# Records excerpted from a collection

━━━━━━━━━━━━━━━━━━━━

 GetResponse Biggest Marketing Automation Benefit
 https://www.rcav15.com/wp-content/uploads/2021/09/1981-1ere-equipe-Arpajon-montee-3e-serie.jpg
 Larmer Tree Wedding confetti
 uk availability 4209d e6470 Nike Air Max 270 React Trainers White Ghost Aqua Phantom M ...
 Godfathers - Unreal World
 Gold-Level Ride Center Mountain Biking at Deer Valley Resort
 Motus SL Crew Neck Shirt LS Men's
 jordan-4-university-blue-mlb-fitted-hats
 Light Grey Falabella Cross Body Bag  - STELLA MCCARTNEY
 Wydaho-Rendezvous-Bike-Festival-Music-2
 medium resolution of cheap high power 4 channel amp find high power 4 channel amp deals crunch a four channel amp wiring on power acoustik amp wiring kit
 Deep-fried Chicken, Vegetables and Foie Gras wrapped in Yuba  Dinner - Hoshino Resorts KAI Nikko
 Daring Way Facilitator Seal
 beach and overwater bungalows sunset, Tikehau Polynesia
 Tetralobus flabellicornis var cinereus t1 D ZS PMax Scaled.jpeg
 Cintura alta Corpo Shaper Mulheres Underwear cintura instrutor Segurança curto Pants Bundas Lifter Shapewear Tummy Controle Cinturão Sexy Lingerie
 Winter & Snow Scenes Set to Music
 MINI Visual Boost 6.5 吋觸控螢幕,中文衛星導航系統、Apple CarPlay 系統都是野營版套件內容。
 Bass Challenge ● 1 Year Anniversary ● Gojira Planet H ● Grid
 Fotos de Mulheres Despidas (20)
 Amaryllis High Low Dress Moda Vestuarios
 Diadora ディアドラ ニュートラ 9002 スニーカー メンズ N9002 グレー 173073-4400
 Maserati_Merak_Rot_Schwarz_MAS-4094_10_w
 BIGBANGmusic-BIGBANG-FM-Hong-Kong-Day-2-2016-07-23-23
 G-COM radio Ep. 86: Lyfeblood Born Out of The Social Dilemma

━━━━━━━━━━━━━━━━━━━━

# Task directions
The required answer is each line of the data in which the word "Mulheres" appears.

# Solution to this problem
 Cintura alta Corpo Shaper Mulheres Underwear cintura instrutor Segurança curto Pants Bundas Lifter Shapewear Tummy Controle Cinturão Sexy Lingerie
 Fotos de Mulheres Despidas (20)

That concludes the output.